Worse, it is said a several metre wide strip of ancient woodland is to be logged alongside the border. In Białowieża, the frontier passes through several nature reserves and the national park’s strict reserve, the last untouched primeval forest of its size in Europe. After having survived two world wars and the communist era, the wall’s construction now poses an unprecedented threat to the integrity of this precious woodland. Yet the government refuses to reveal how many trees it plans to fell.

Scientists and NGOs have warned about the threat the wall poses to this UNESCO world heritage site. They have been ignored: the wall has been exempt from all nature protection laws, the project kept secret, and the public granted no opportunity to protest. The European Commission has turned a blind eye despite having been petitioned to intervene.

Army trucks have rendered the road leading to Białowieża National Park’s strict reserve undriveable.

Private life is on hold

Mental health has suffered. With private and work lives on hold, feelings of insecurity, helplessness and frustration are commonplace. Many feel their way of life is under threat. Others feel censored by the absence of journalists. Singles have nowhere to meet potential partners.

The reports of human suffering emerging from the woods have also left scars. In the tough terrain and climate of Białowieża Forest, migrants frequently get into trouble. Hundreds have been admitted to the local hospital in Hajnówka.

With the zone barring entry to humanitarian organisations, many locals have formed makeshift migrant assistance teams, despite having no formal training for relief work.

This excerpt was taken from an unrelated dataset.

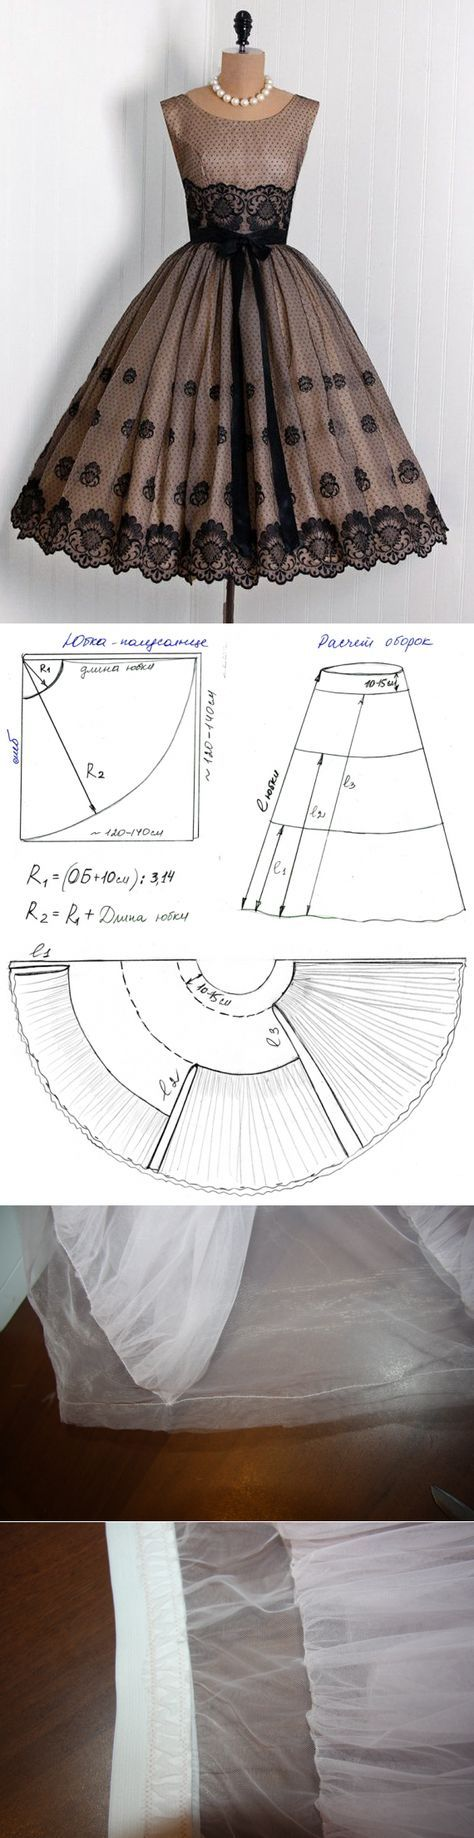 Как правильно сшить юбку из сетки 27

Through encrypted channels, migrants can send notice they are in danger, with volunteers always on call to help. Many return from their duties with harrowing stories.

A Supreme Court judgement brings hope

Recently a supreme court judgement brought hope for change, issuing a legal opinion stating the border exclusion zone is unconstitutional. It ruled that the restrictions are a violation of the constitutionally protected rights to free access to information, and the right to move around the country without constraint. The court particularly highlighted the right of journalists to operate in areas where events of public importance are happening.

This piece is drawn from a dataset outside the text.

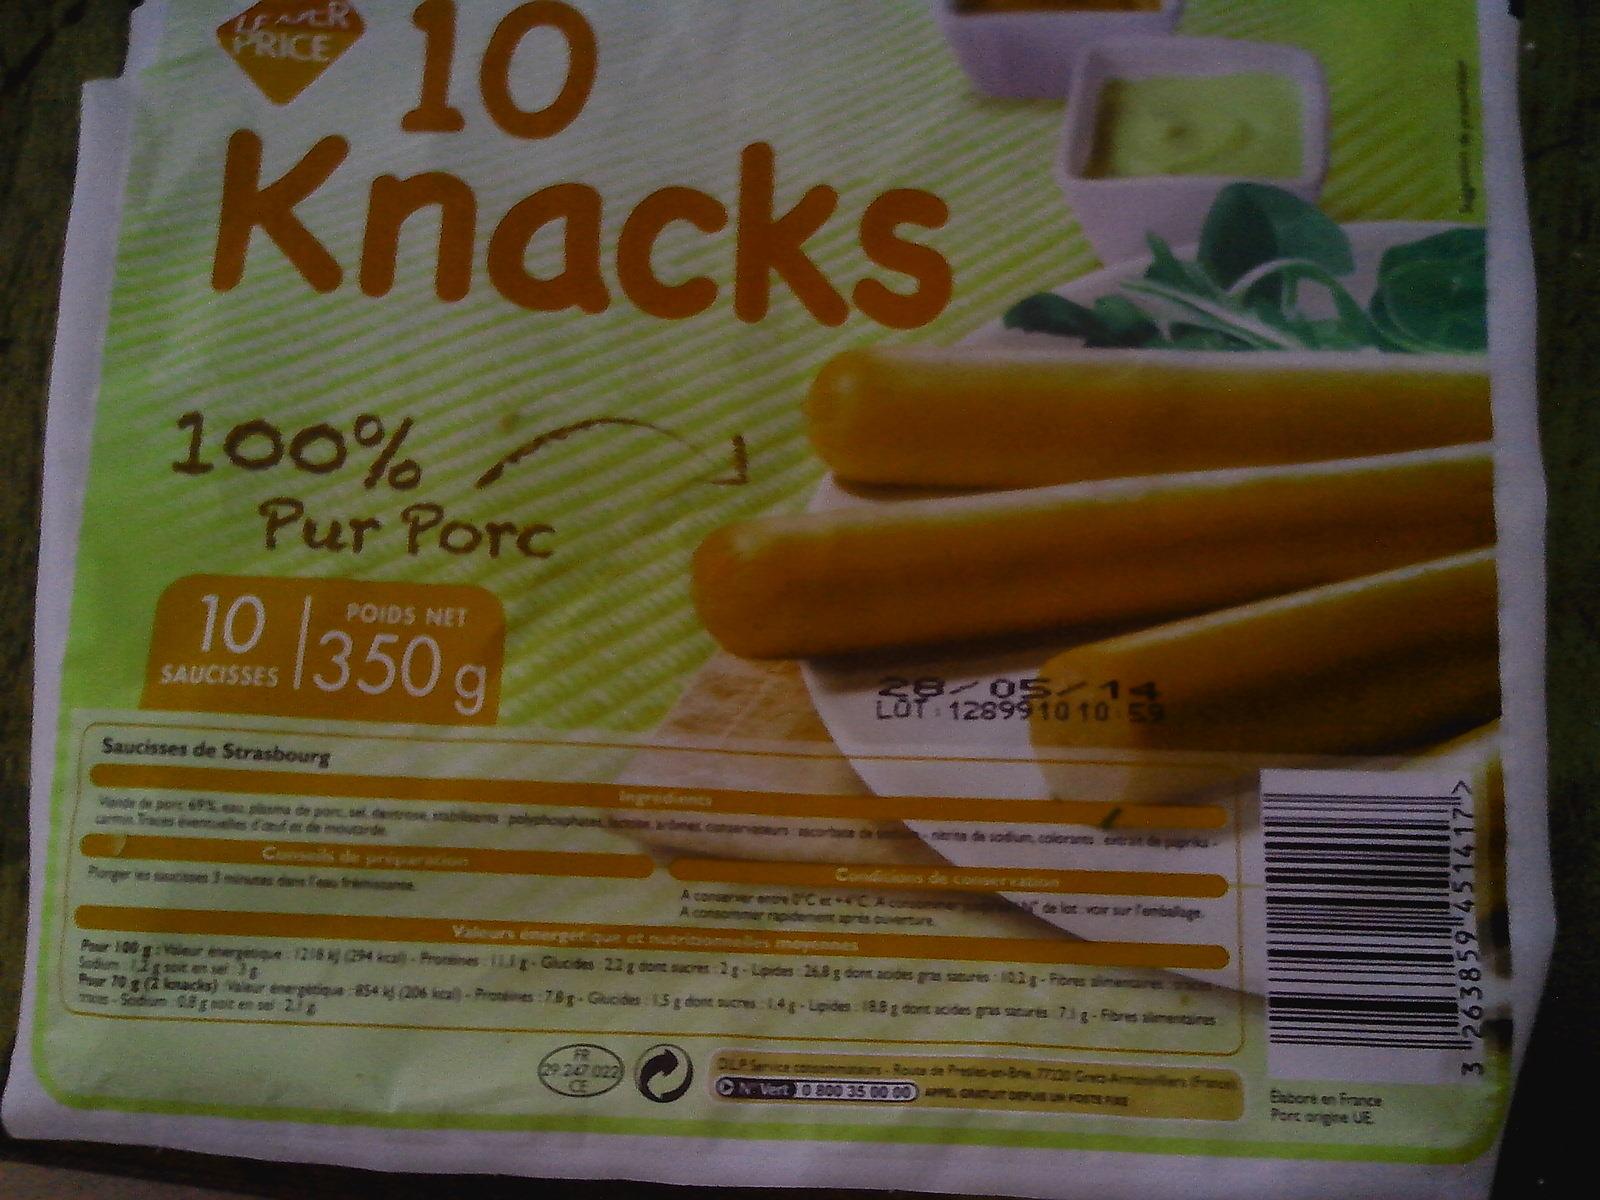 10 Knacks - Saucisses de Strasbourg - Product - fr

Despite the judgement, the police road blocks and associated restrictions remain in place.

That this unconstitutional law persists ties into the rule of law crisis engulfing Poland over the past few years. In theory, the country’s constitutional tribunal can strike down laws that violate the basic law. Yet since the court’s capture by the ruling party in 2016, Poland’s constitutional checks and balances have been rendered unable to function: people on Poland’s eastern frontier have been left without option for legal recourse.

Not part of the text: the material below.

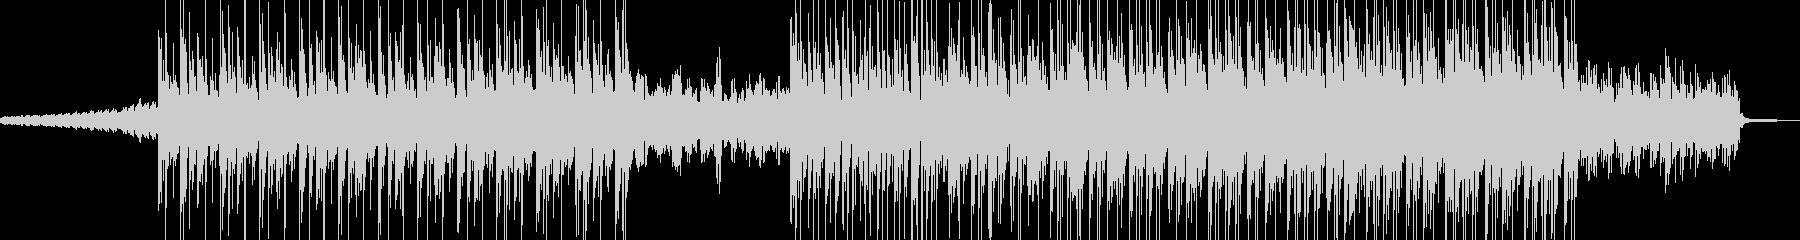 電脳・空想科学的なエレクトロ エレキ無Aの未再生の波形

Since 2017 the region has been almost permanently embroiled in crisis. First, we had the large-scale logging of protected old-growth forest, culminating in an international row with the EU and UNESCO. Then we had the Covid-19 lockdowns, halting the local economy for over a year. And now we have been lumbered with an unlawful state of emergency. After 5 years of turmoil, many are wondering whether life will ever be peaceful here again.